1. A method for comparative spectrophotometric in vivo monitoring and display of selected blood metabolites present in a plurality of different internal regions of the same test subject on a continuing and substantially concurrent basis, comprising the steps of:

applying separate spectrophotometric sensors to a test subject at each of a plurality of separate testing sites and coupling each of said sensors to a control and processing station;

operating a selected number of said sensors on a substantially concurrent basis to spectrophotometrically irradiate at least two separate internal regions of the test subject during a common time interval, each of said regions being associated with a different of said testing sites;

separately detecting and receiving light energy resulting from said spectrophotometric irradiation for each of said at least two separate internal regions, and conveying separate sets of signals to said control and processing station which correspond to the separately detected light energy from said at least two separate internal regions;

separately and concurrently analyzing said conveyed separate sets of signals to separately determine quantified data representative of a blood metabolite in each of said at least two separate internal regions; and

concurrently visually displaying said separately determined quantified data for each of said at least two separate internal regions for direct concurrent mutual comparison, wherein said sensors are applied to a head of the test subject and are used to monitor two mutually separate regions within a brain of the test subject.

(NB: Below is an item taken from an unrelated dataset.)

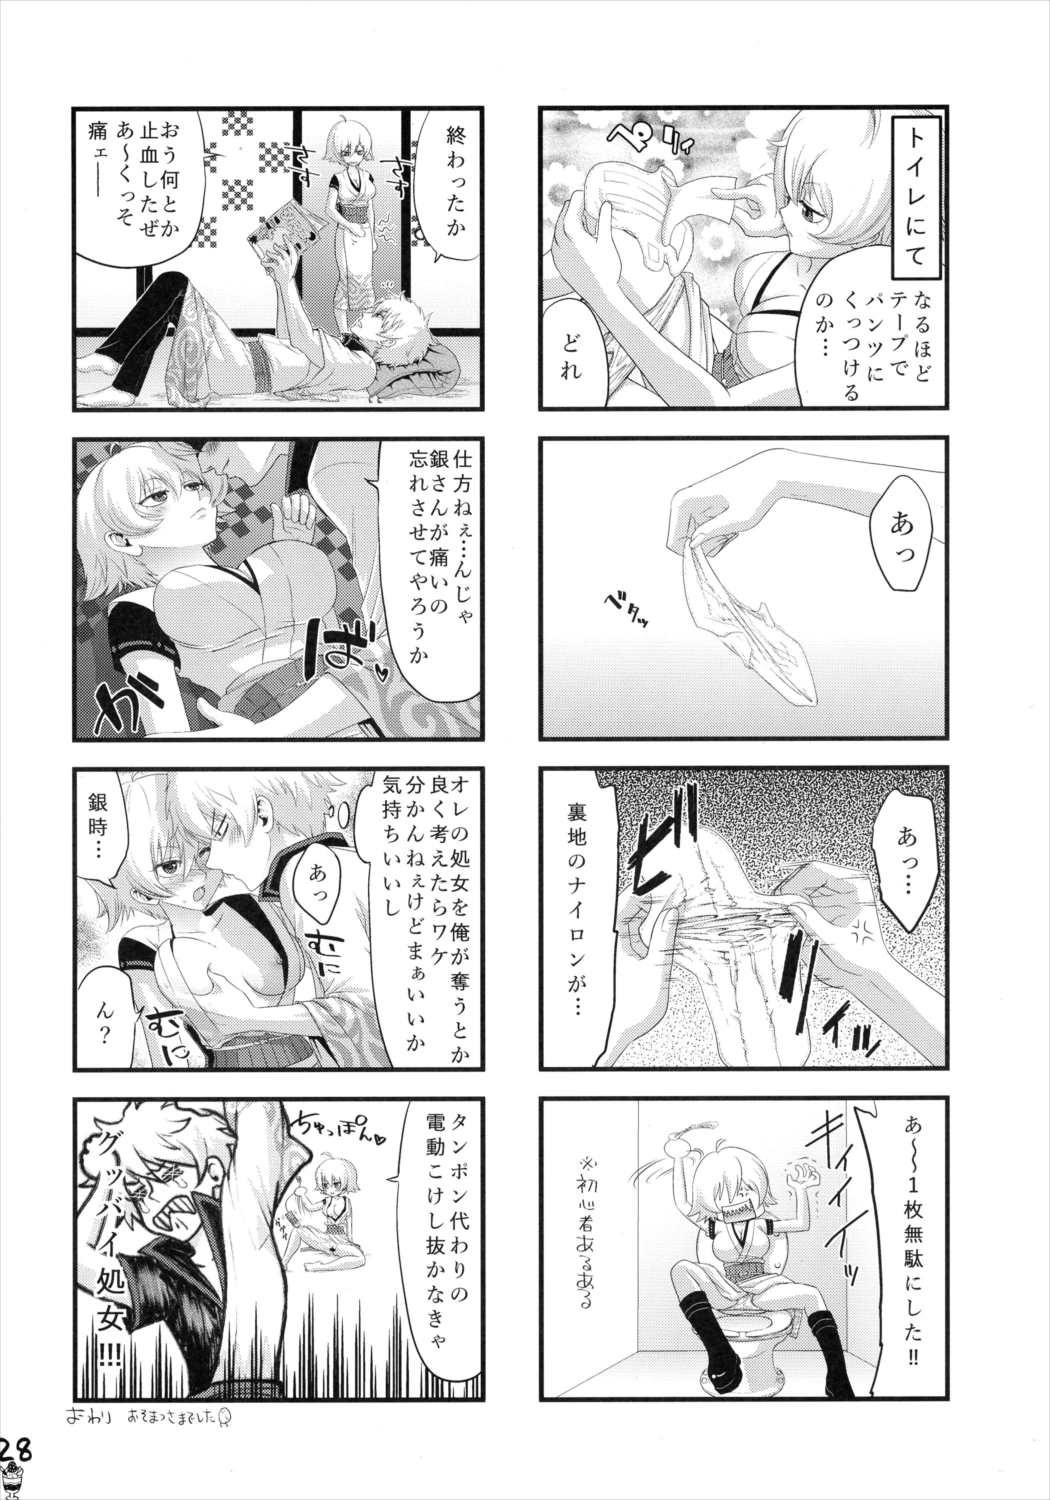 【銀魂】銀時×銀子のどすけべイチャラブ本♡の画像29枚目

2. The method of claim 1, wherein said step of analyzing comprises quantitative determination of blood oxygenation levels within each of said at least two separate internal regions.

3. The method of claim 2, wherein said analyzing step includes producing separate quantitative value determinations for hemoglobin oxygen saturation for each of said at least two separate internal regions.

4. The method of claim 3, wherein said analyzing step includes production of ongoing graphical traces representing a plurality of said quantitative value determinations made at successive points in time.

5. The method of claim 4 including the step of visually displaying a plurality of said graphical traces at substantially the same time and in predetermined relationship to one another to facilitate rapid and accurate visual comparison.

6. The method of claim 5, including the step of visually displaying a plurality of said quantitative value determinations at substantially the same time and in predetermined relationship to one another to facilitate rapid and accurate visual comparison.

7. The method of claim 3, including the step of visually displaying a plurality of said quantitative value determinations at substantially the same time and in predetermined relationship to one another to facilitate rapid and accurate visual comparison.

8. The method of claim 1, wherein said metabolite comprises hemoglobin oxygen.

9. The method of claim 1, wherein said sensors are positioned in locations proximate to different brain hemispheres and said two mutually separate regions are located in a different brain hemisphere.

10. The method of claim 9, wherein said metabolite comprises cerebral blood hemoglobin oxygenation.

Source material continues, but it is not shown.